Lectures: Mon/Wed 1:00pm - 2:15pm
Room: COMP SCI 1221
Instructor: Xiangyao Yu
Office Hour: Mon 2:30pm - 3:30pm (CS 4361)
Teaching Assistant: Keren Chen

Course description

This course covers a number of advanced topics in the development of database management systems (DBMS) and the modern applications of databases. The topics discussed include query processing and optimization, advanced access methods, advanced concurrency control and recovery, parallel and distributed data systems, cloud computing for data platforms, and data processing with emerging hardware. The course material will be drawn from a number of papers in the database literature. We will cover one paper per lecture. All students are expected to read the paper before coming to the lecture.

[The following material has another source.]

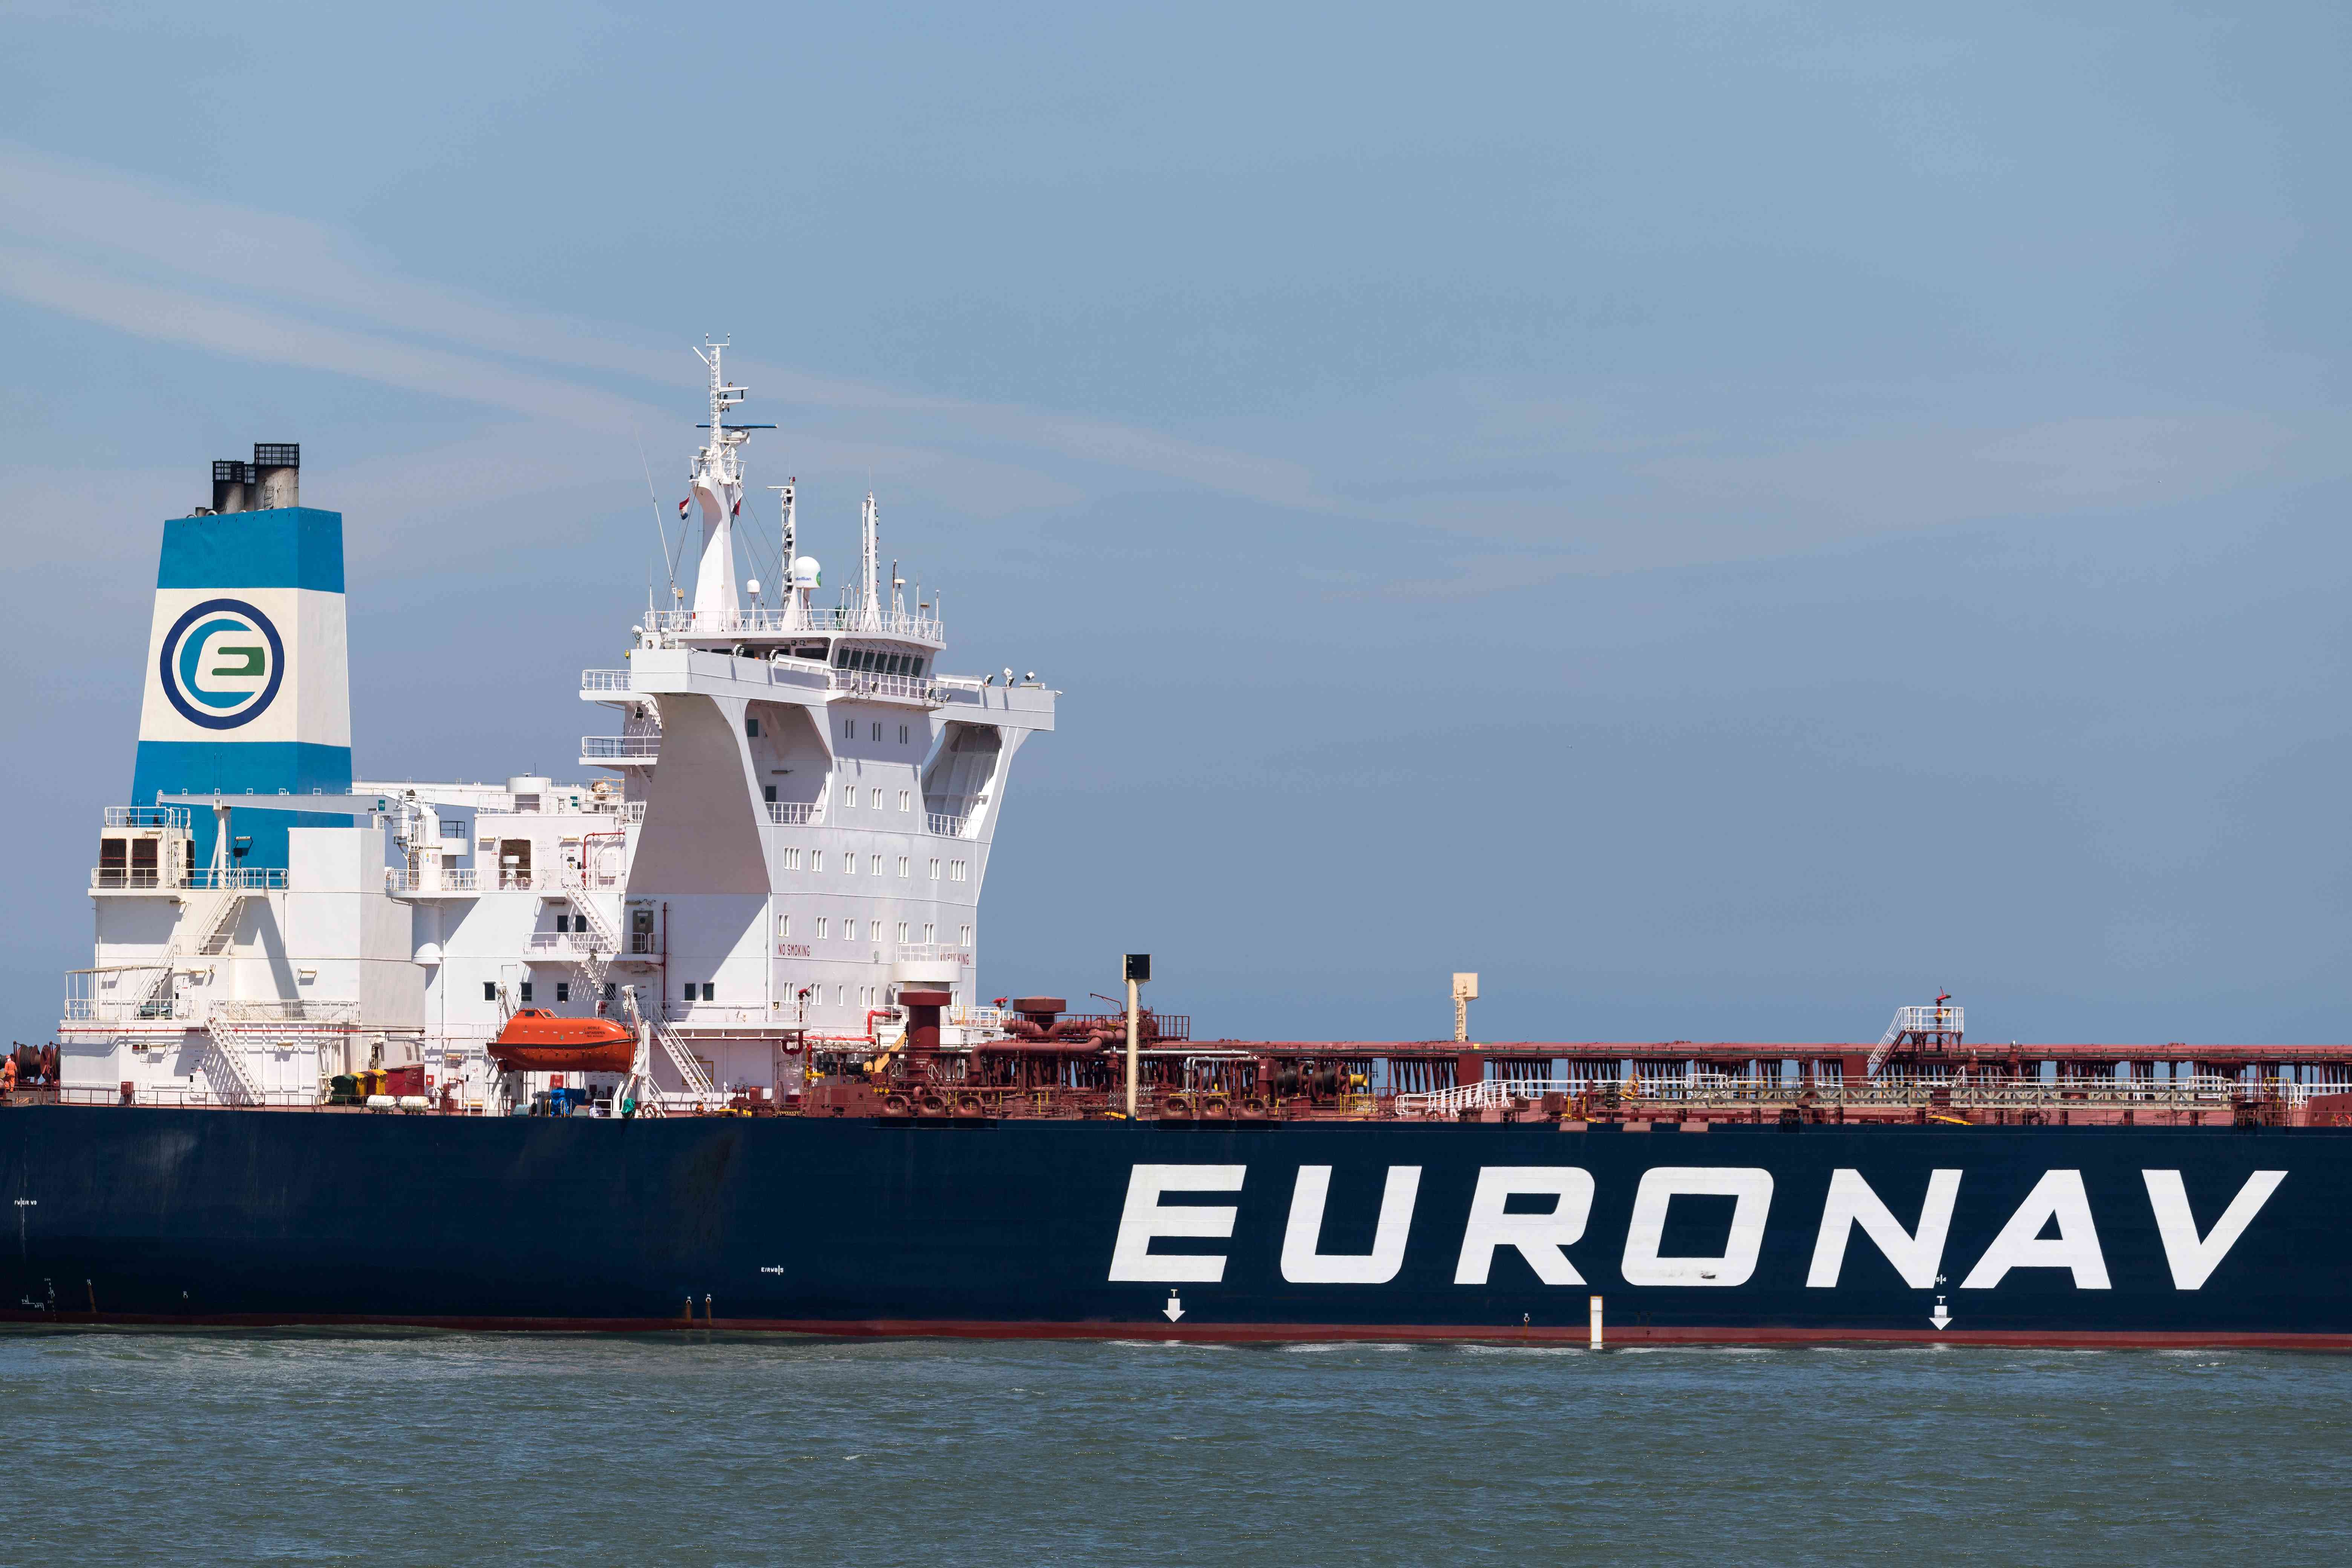 A tanker labeled with the name Euronav is pictured in the water.
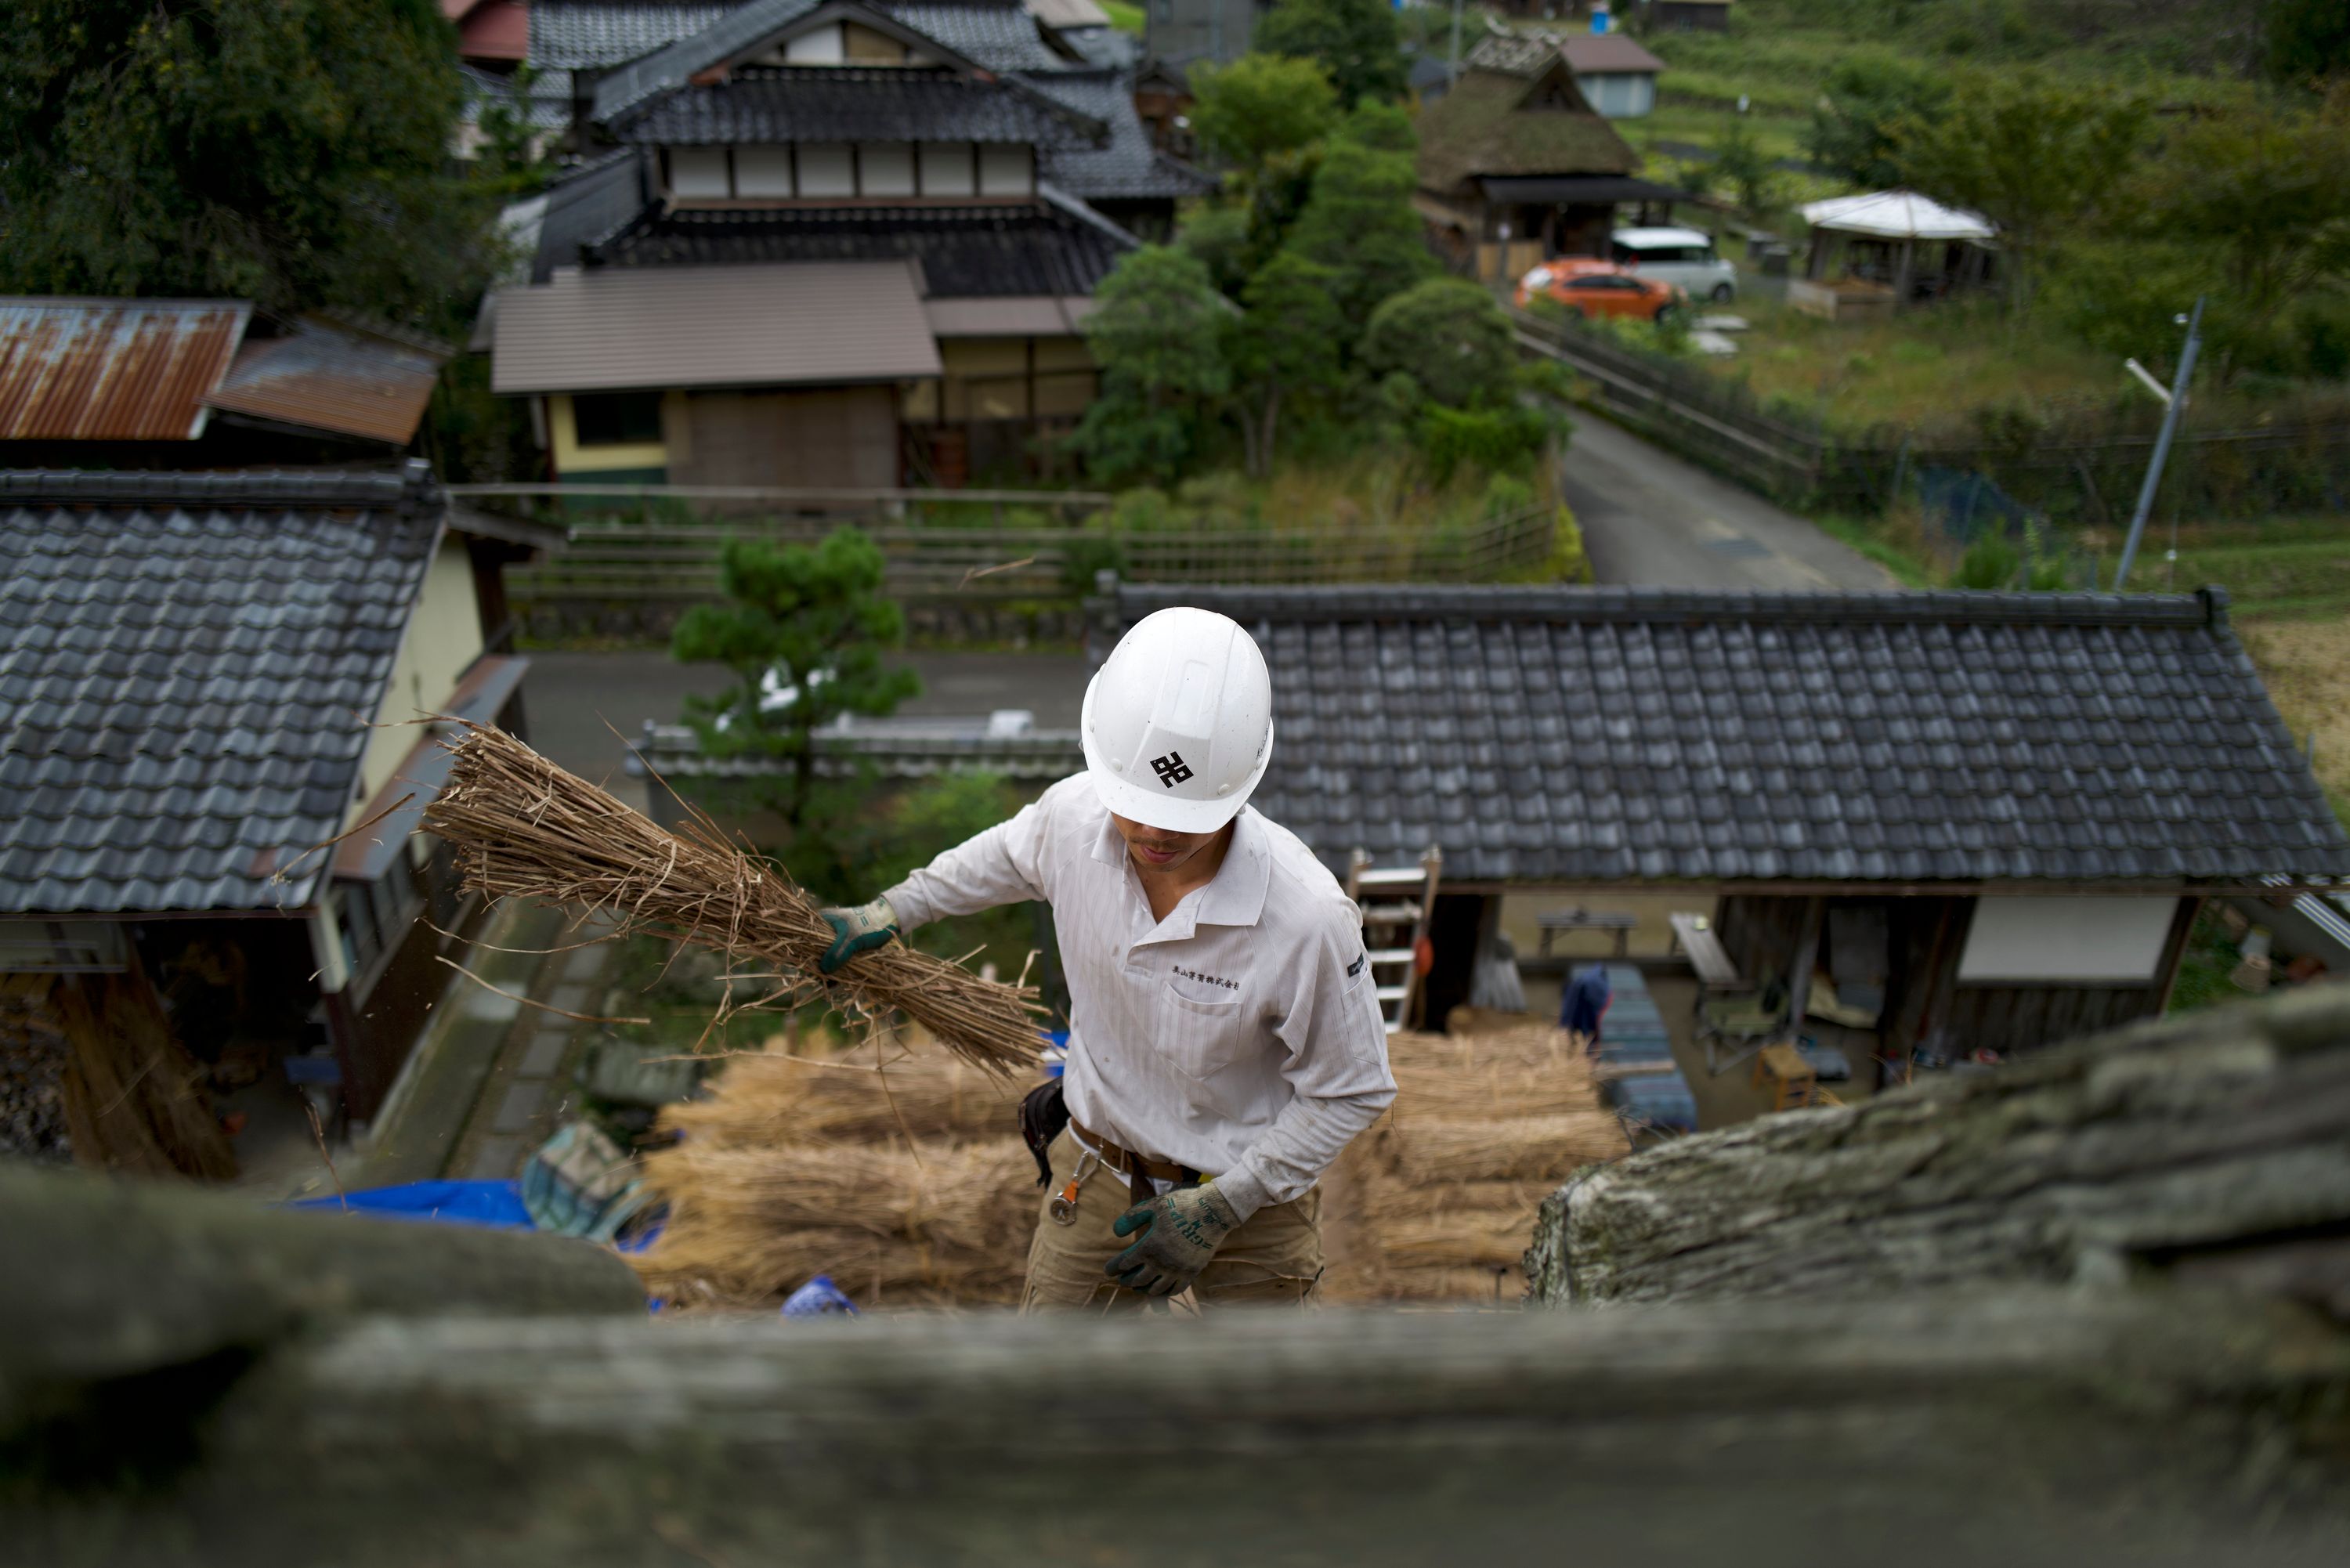 A thatcher works on the roof of a traditional Japanese house

Prerequisites: CS 564 or equivalent. If you have concerns about meeting the prerequisties, please contact the instructor.

Reference Textbook: There is no formal textbook for this course. The reading list is a collection of papers. The following two books will be used as references in this course. Note you don't need to buy the books.

Lecture Format: Each lecture focuses on a classic or modern research paper. Students will read the paper and submit a review to https://wisc-cs764-f22.hotcrp.com before the lecture starts. Here is a sample review for the paper on join processing.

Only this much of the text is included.